The triple disaster in Japan – March 11, 2011

EARTHQUAKE DID NOT KILL

We can cope with natural disasters to some extent, but we can not resolve the problems we create if we don’t know what we are doing.  We will be able to live with nature if we connect with respect, but we can not solve the problems we create if we don’t exactly know what we have created.  This is why the nuclear accident at the Fukushima Dai-ichi power station is more difficult than the earthquake and the tsunami.

When I left Japan on May 15, newspapers reported that there were still close to 150,000 people staying in the temporary evacuation shelters, school gyms and community centres, and other public space.  The figure for the confirmed dead persons was about 14,000 and still missing, after two months, probably all dead in the seas, was about 9,000.  Aside from 4 persons died in the damaged nuclear power plant, most of the deaths occurred due to the tsunami, not by the earthquake itself.  I am saying this because on March 11th, 2011, the earthquake itself hardly killed people, but the tsunami did.  This is a different story from Haiti where most of the deaths happened because of the earthquake.

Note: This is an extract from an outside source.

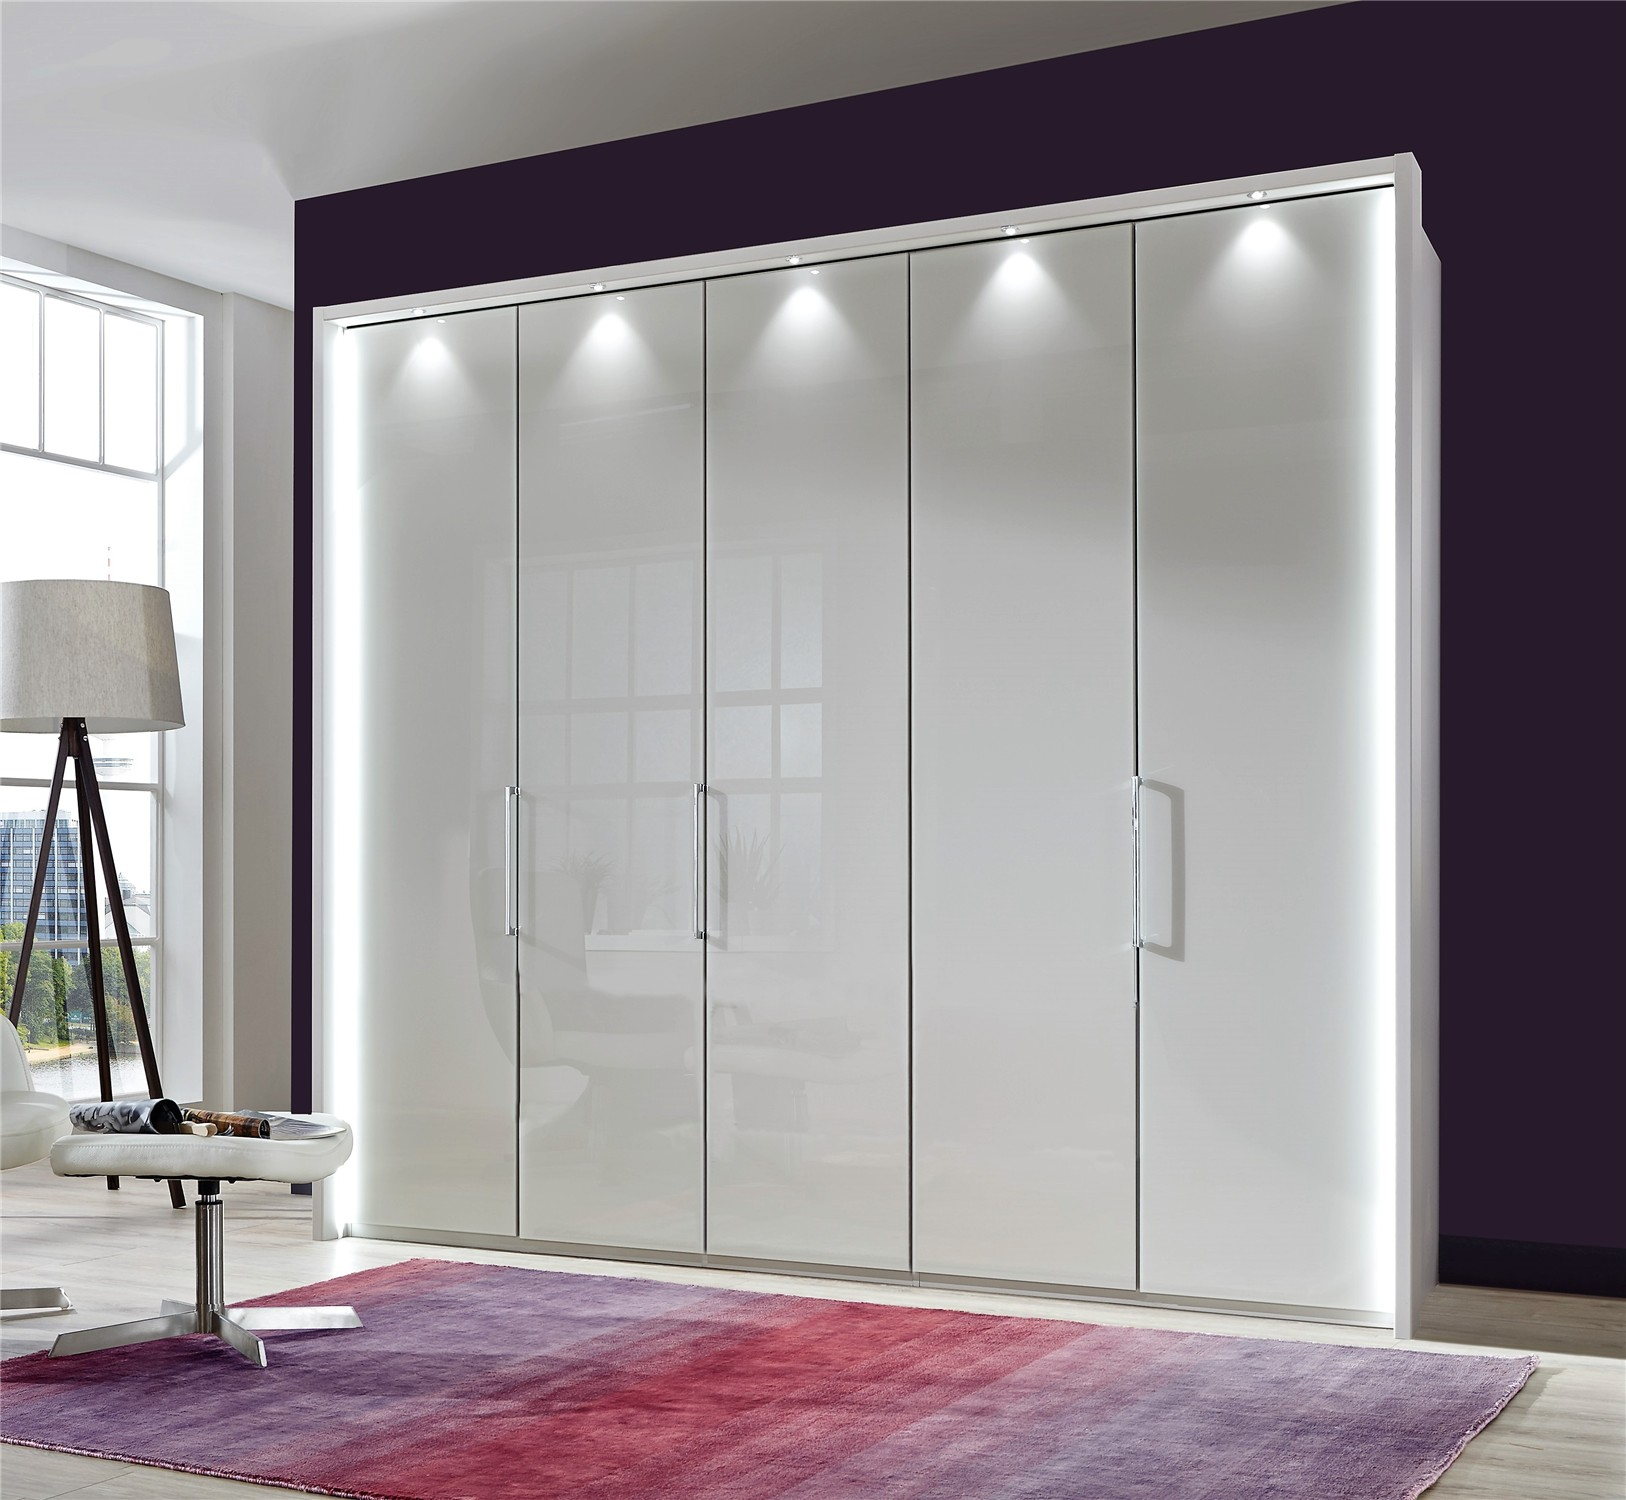 Bi Fold Glass Doors : Stylform poseidon glass bi fold hinged door wardrobe

I started out with the above sentence because what impressed me most as the train went into the triple disaster affected region was the absence of destroyed houses and buildings from the view from the train window.   I wondered where the scenes I used to seeing in Haiti and New Zealand were.  Even in Sendai, which was the closest population centre to the epi-centre of 3/11 earthquake, I didn’t see collapsed buildings except sheets of blue plastic tarpaulin covering houses that lost some ceramic slates from the roofs.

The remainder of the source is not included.